Available data:
********

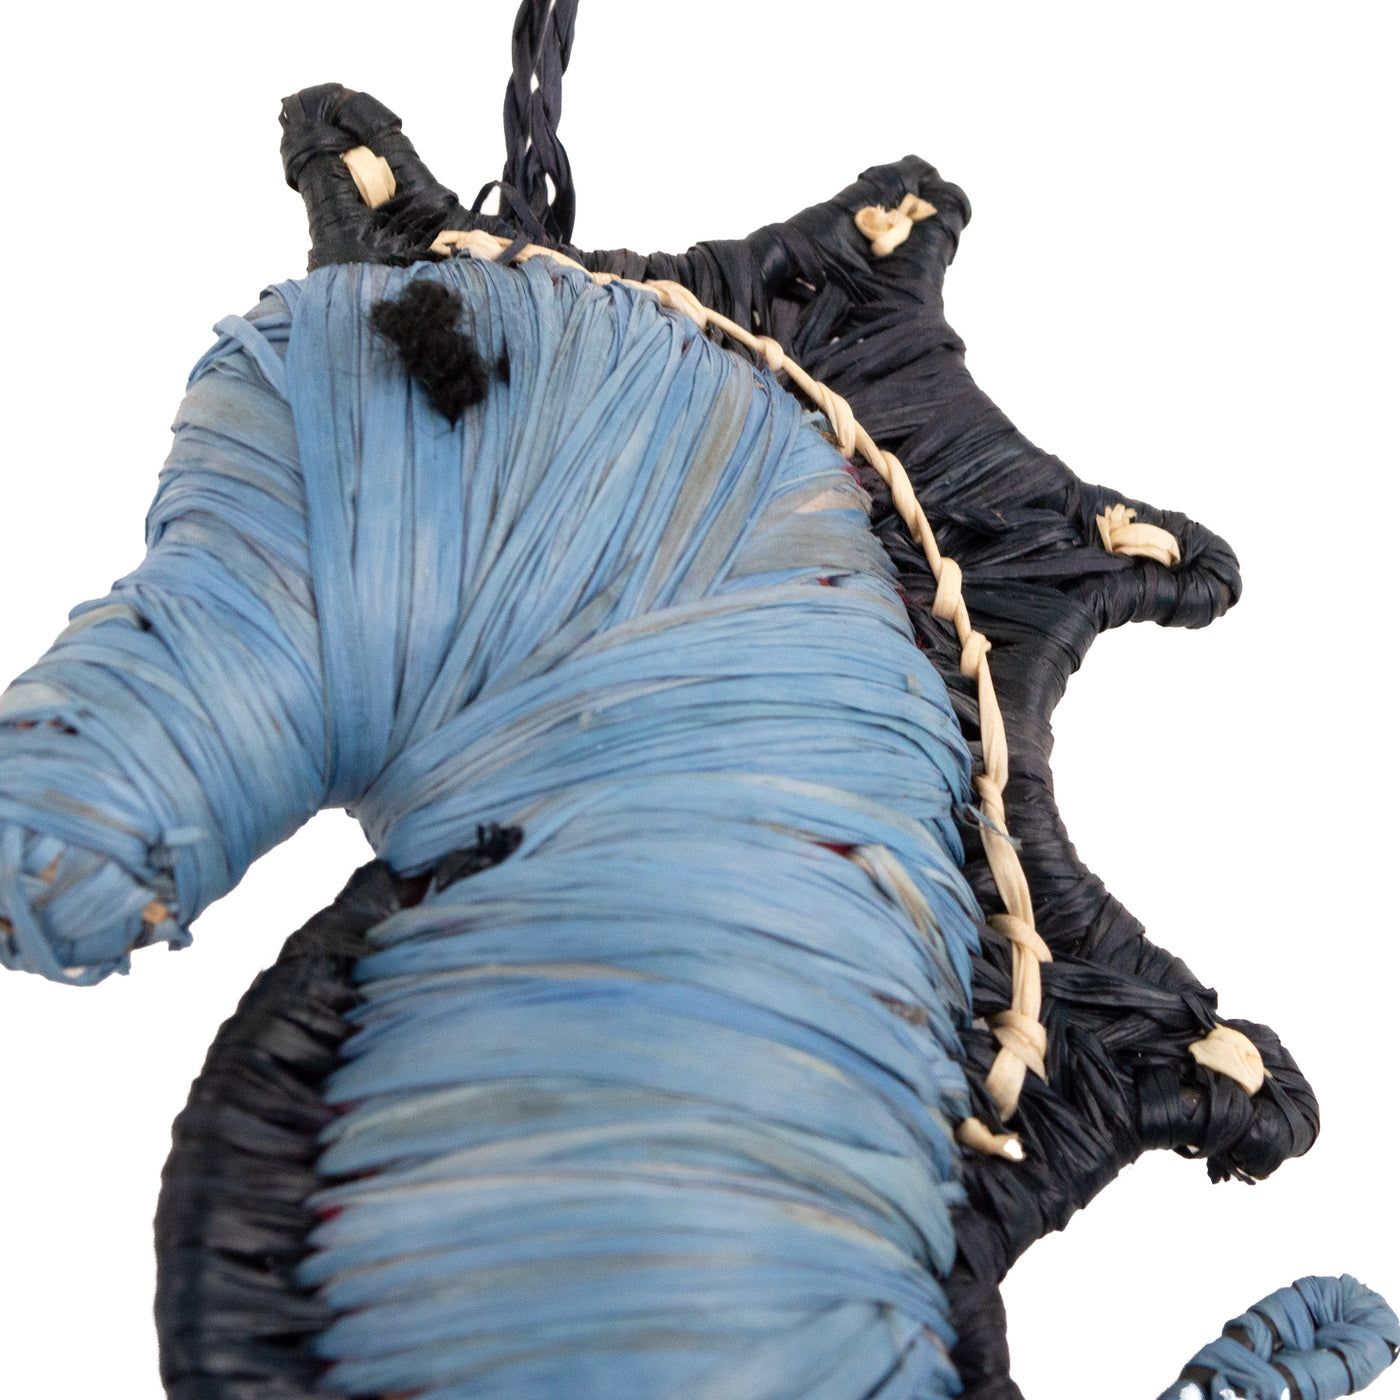 Coastal Ornament - Blue Seahorse
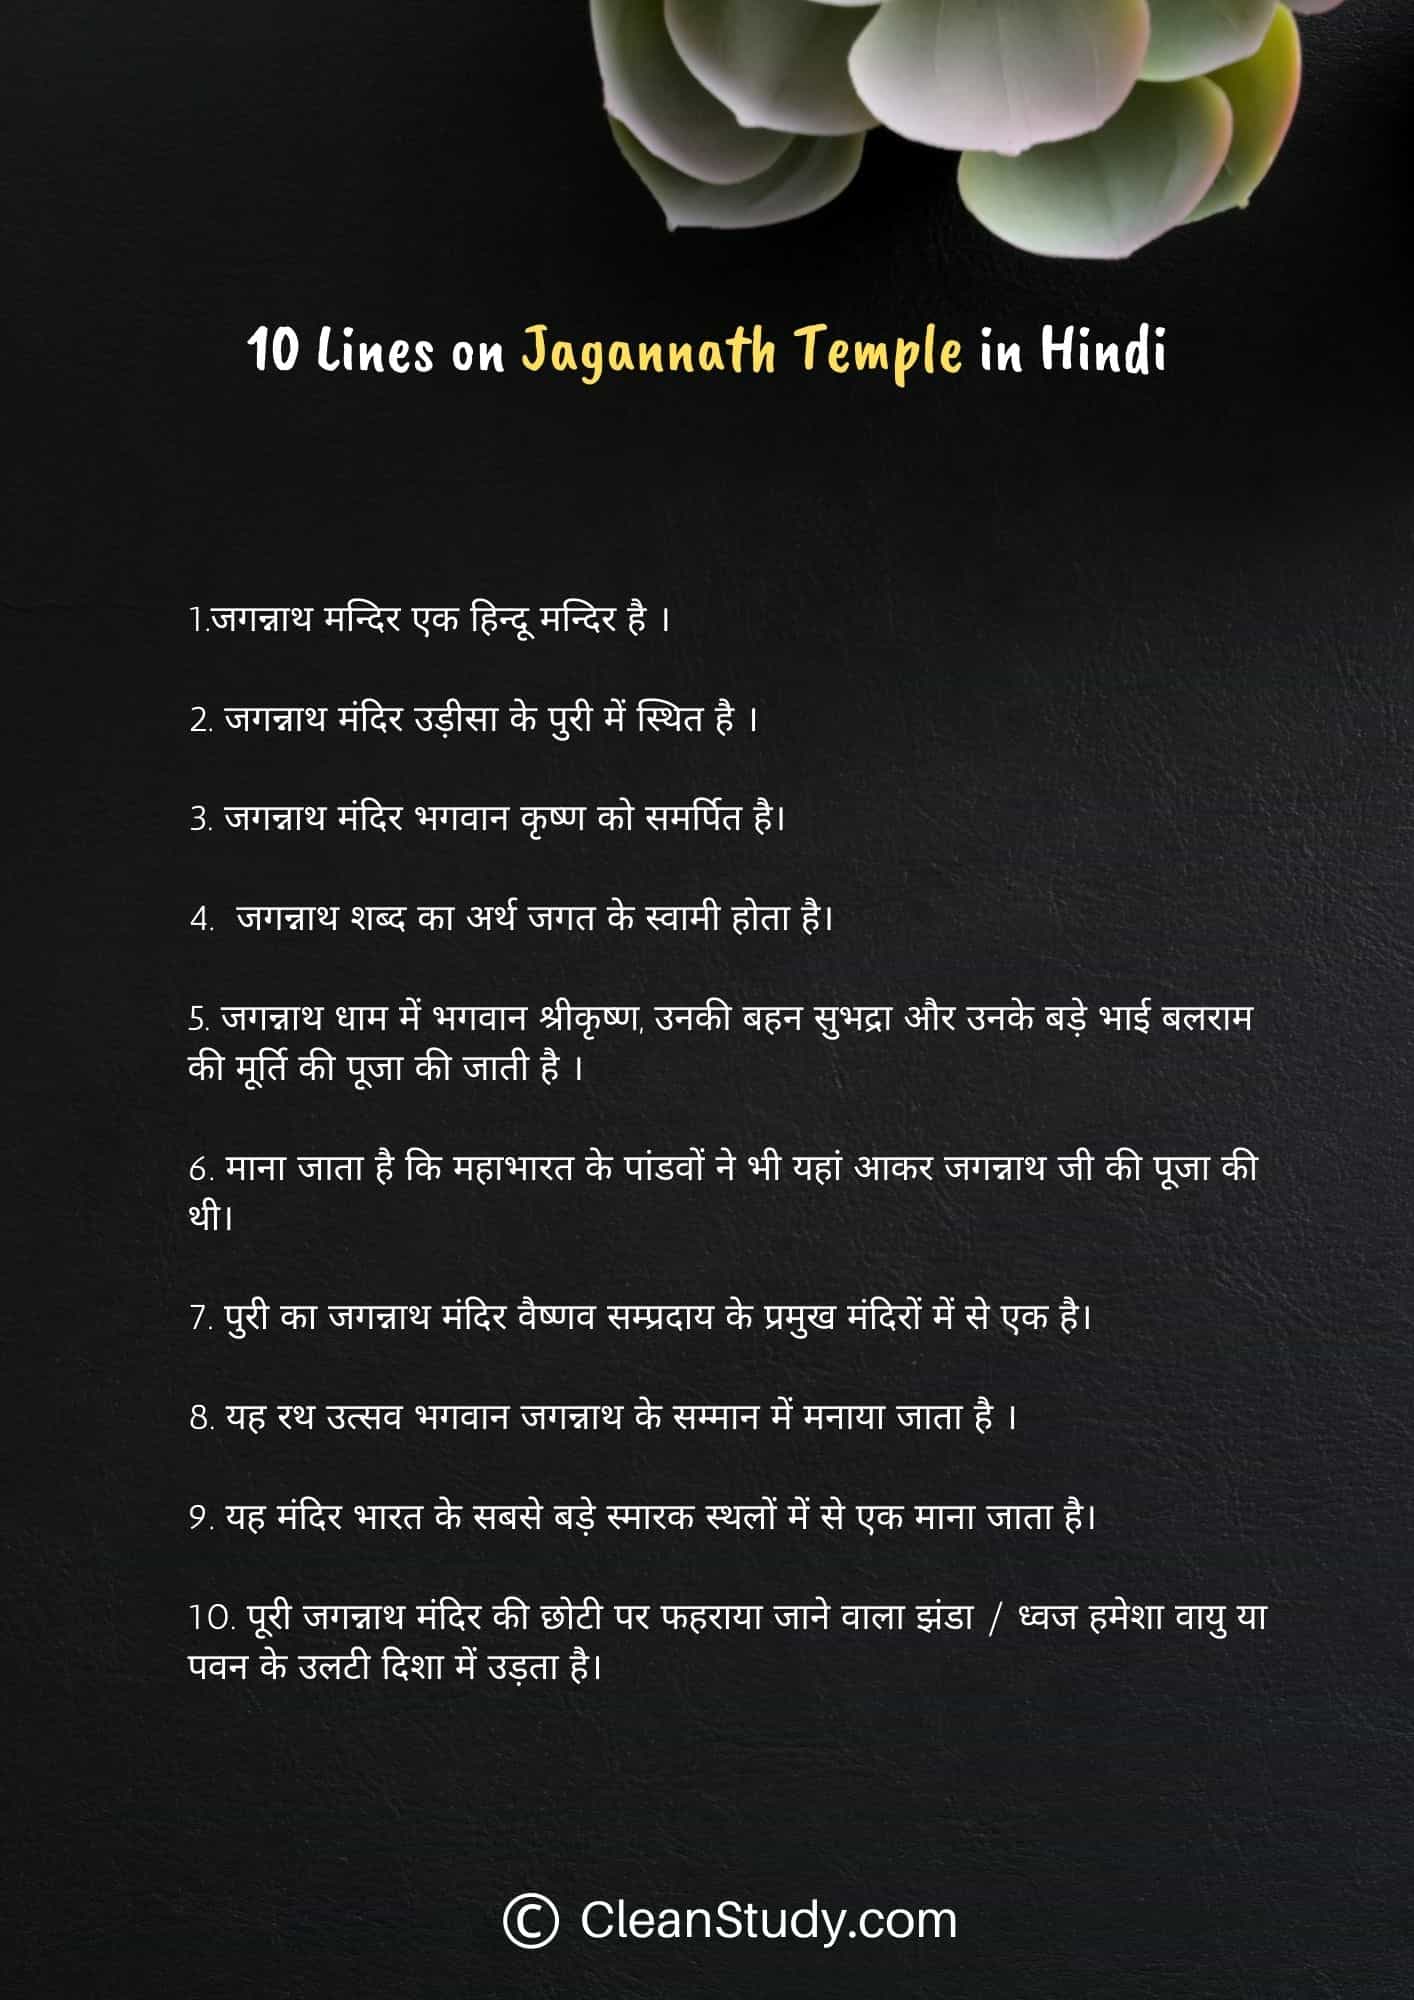 10 Lines on Jagannath Temple in Hindi
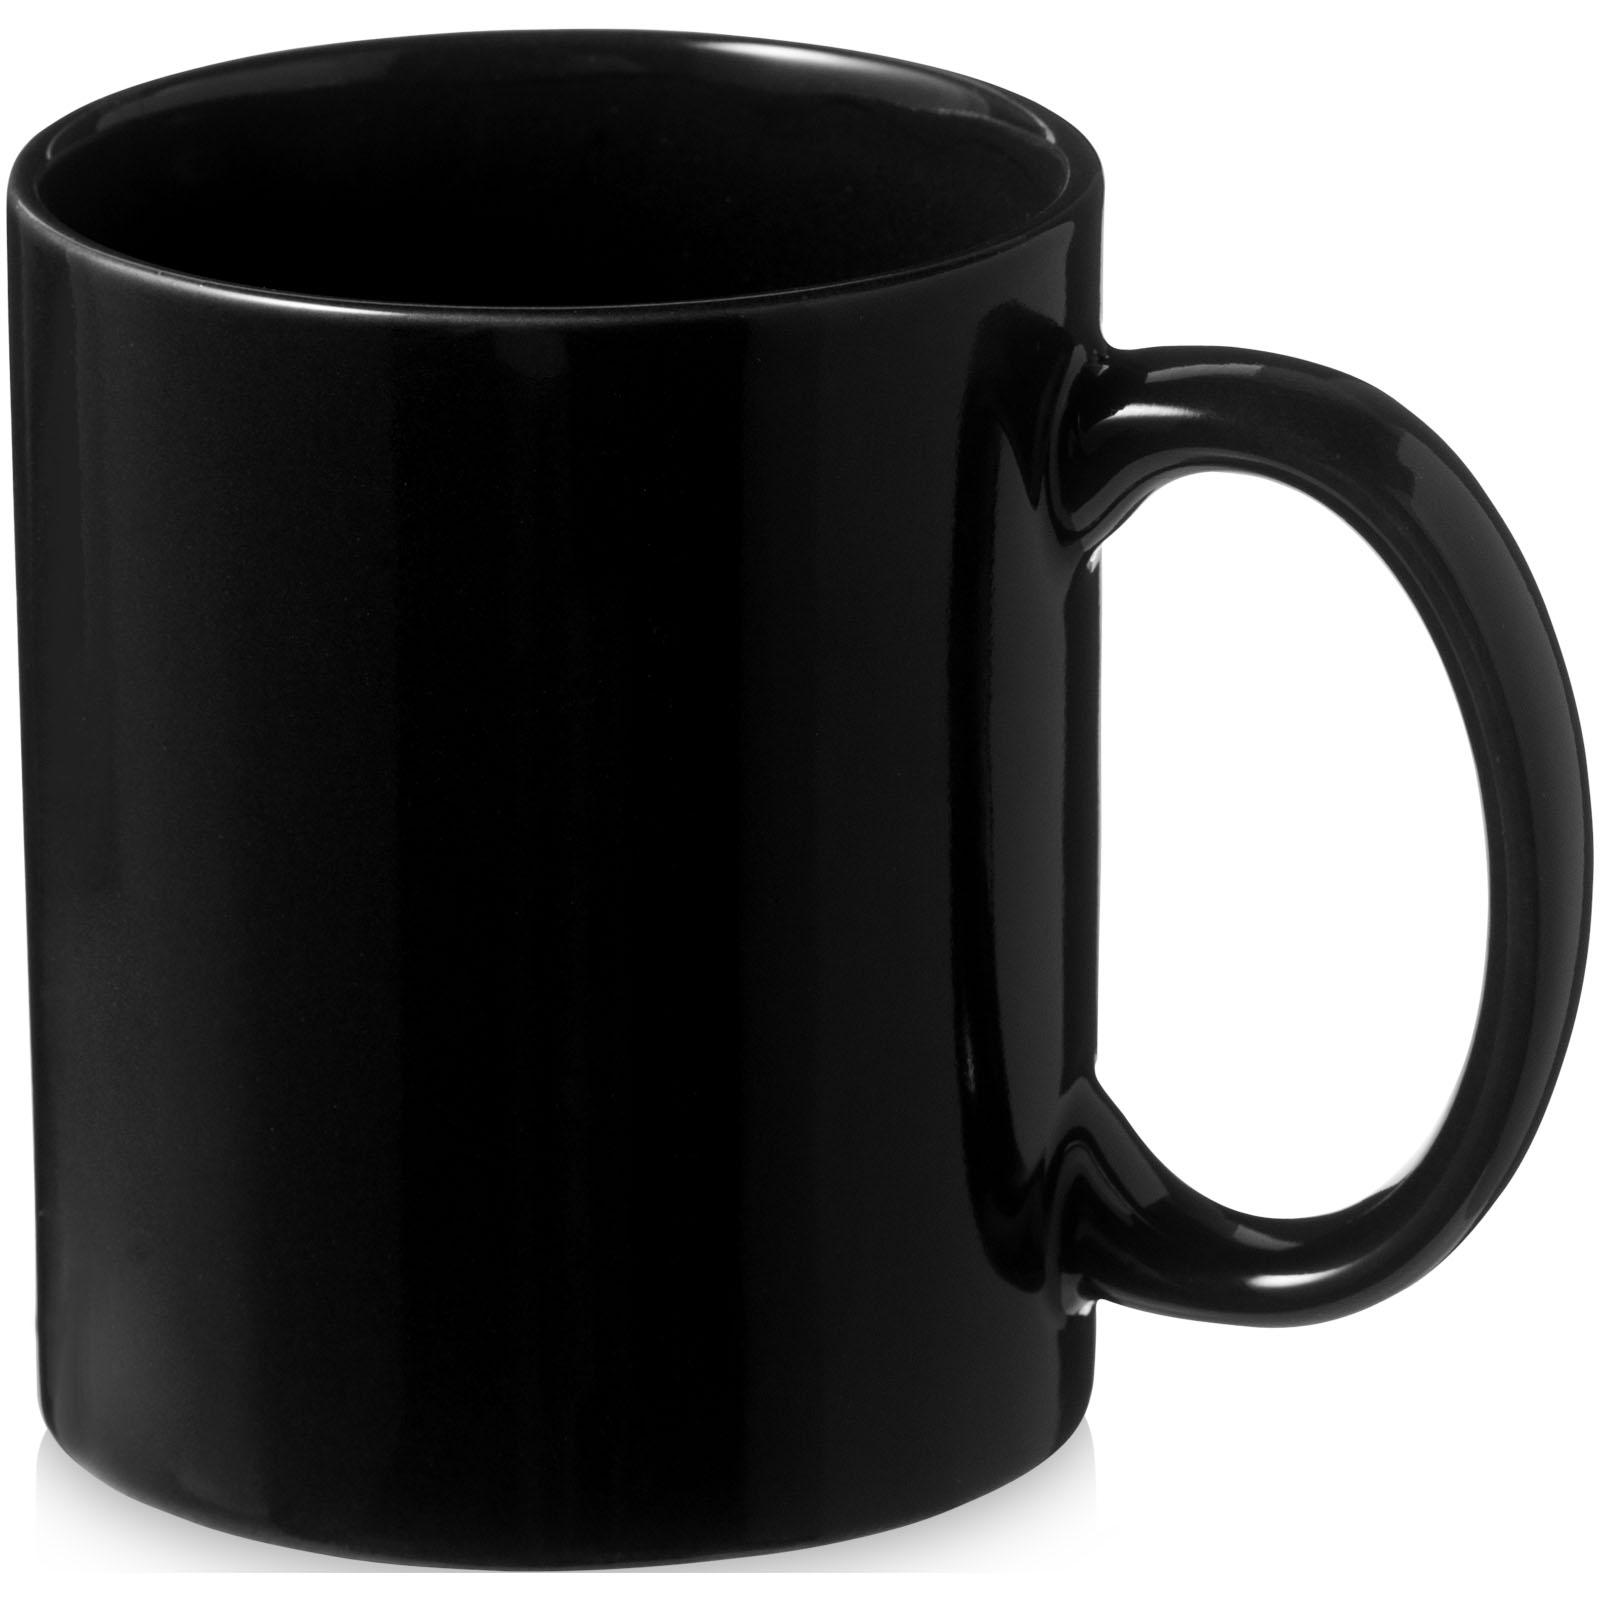 Standard mugs - Santos 330 ml ceramic mug
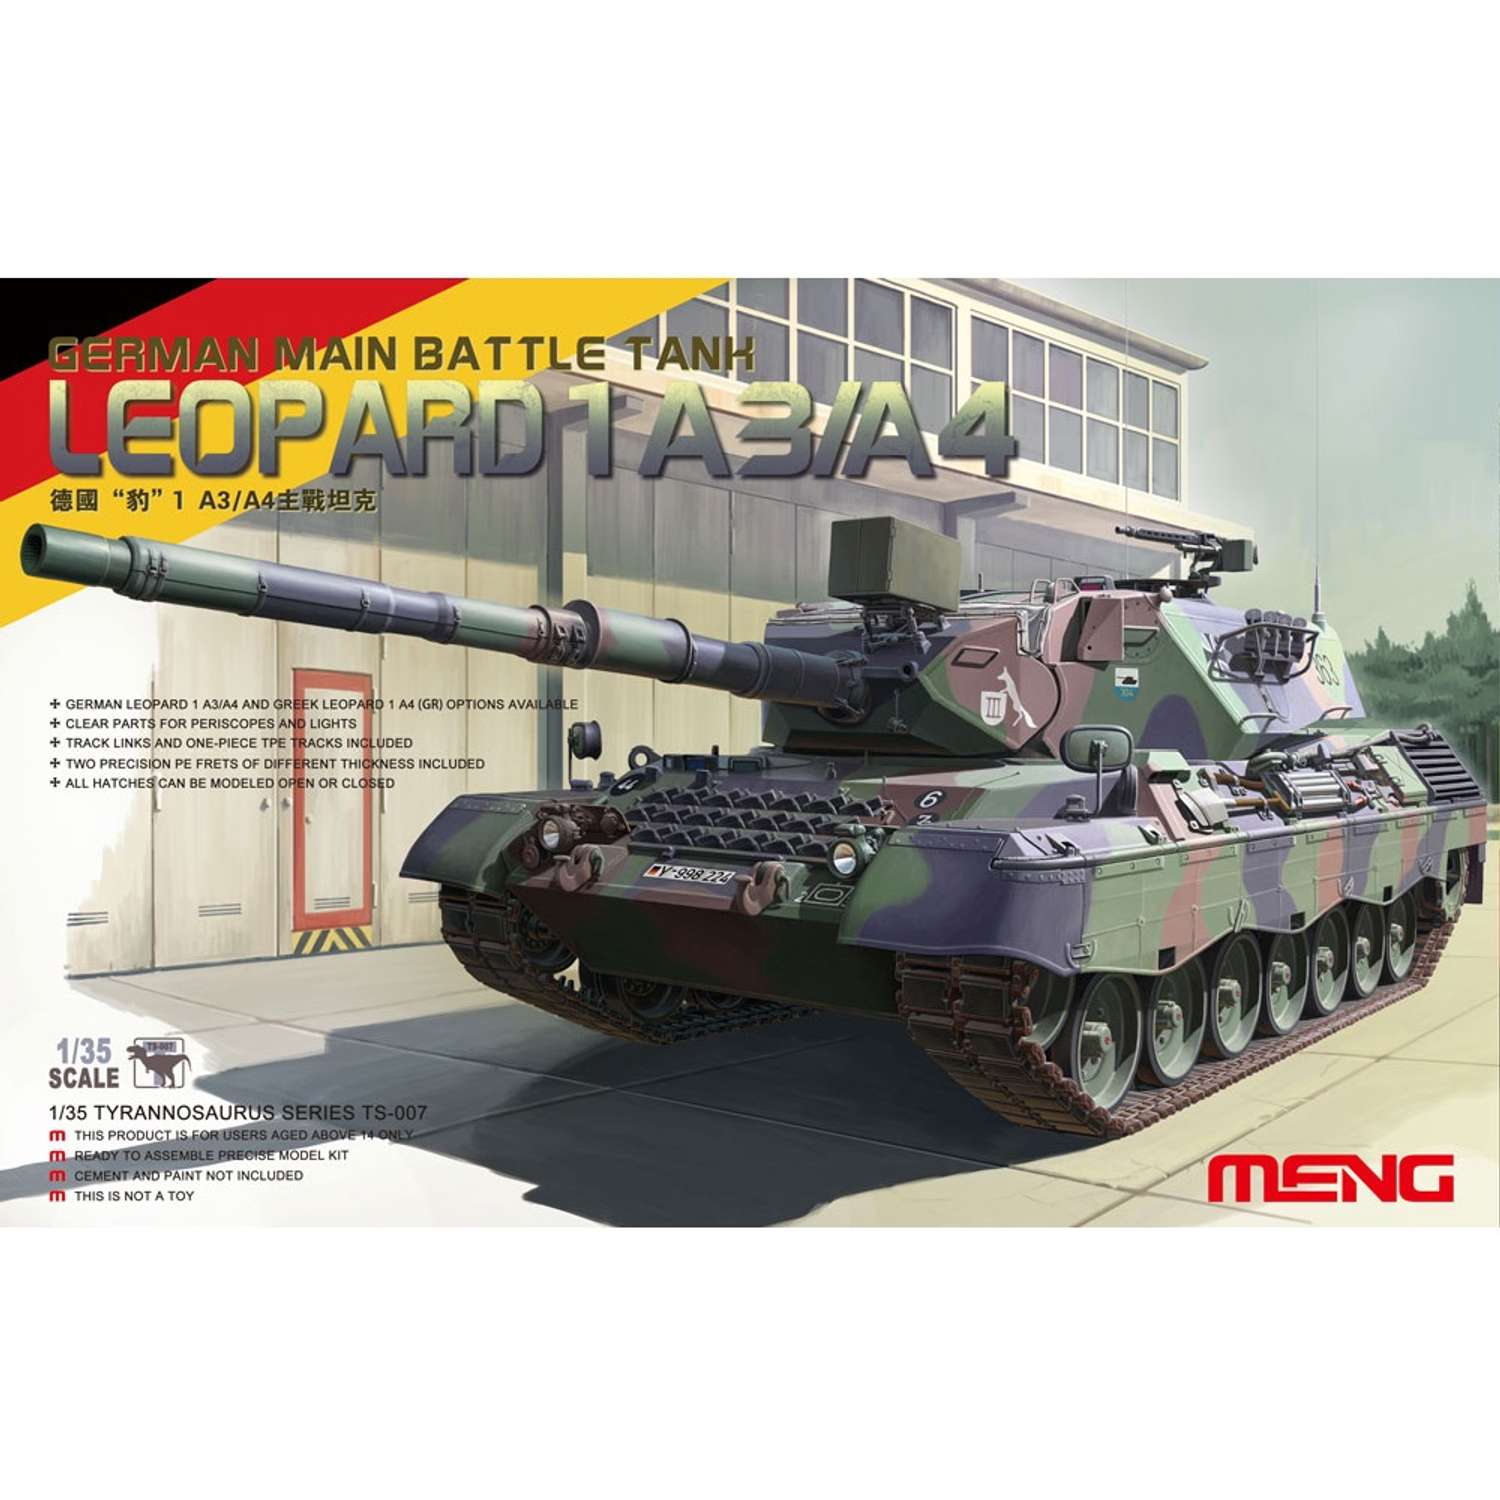 Сборные модели MENG TS-007 танк Main Battle Tank Leopard 1 A3/A4 1/35 20310790502 - фото 2

********

Activity: The result should be a transcript of the lines from the line containing "Standard mugs - Santos 330 ml ceramic mug" through the end of the listing above, exact, inclusive, and without pictures.

Result of the task:
 Standard mugs - Santos 330 ml ceramic mug
 Сборные модели MENG TS-007 танк Main Battle Tank Leopard 1 A3/A4 1/35 20310790502 - фото 2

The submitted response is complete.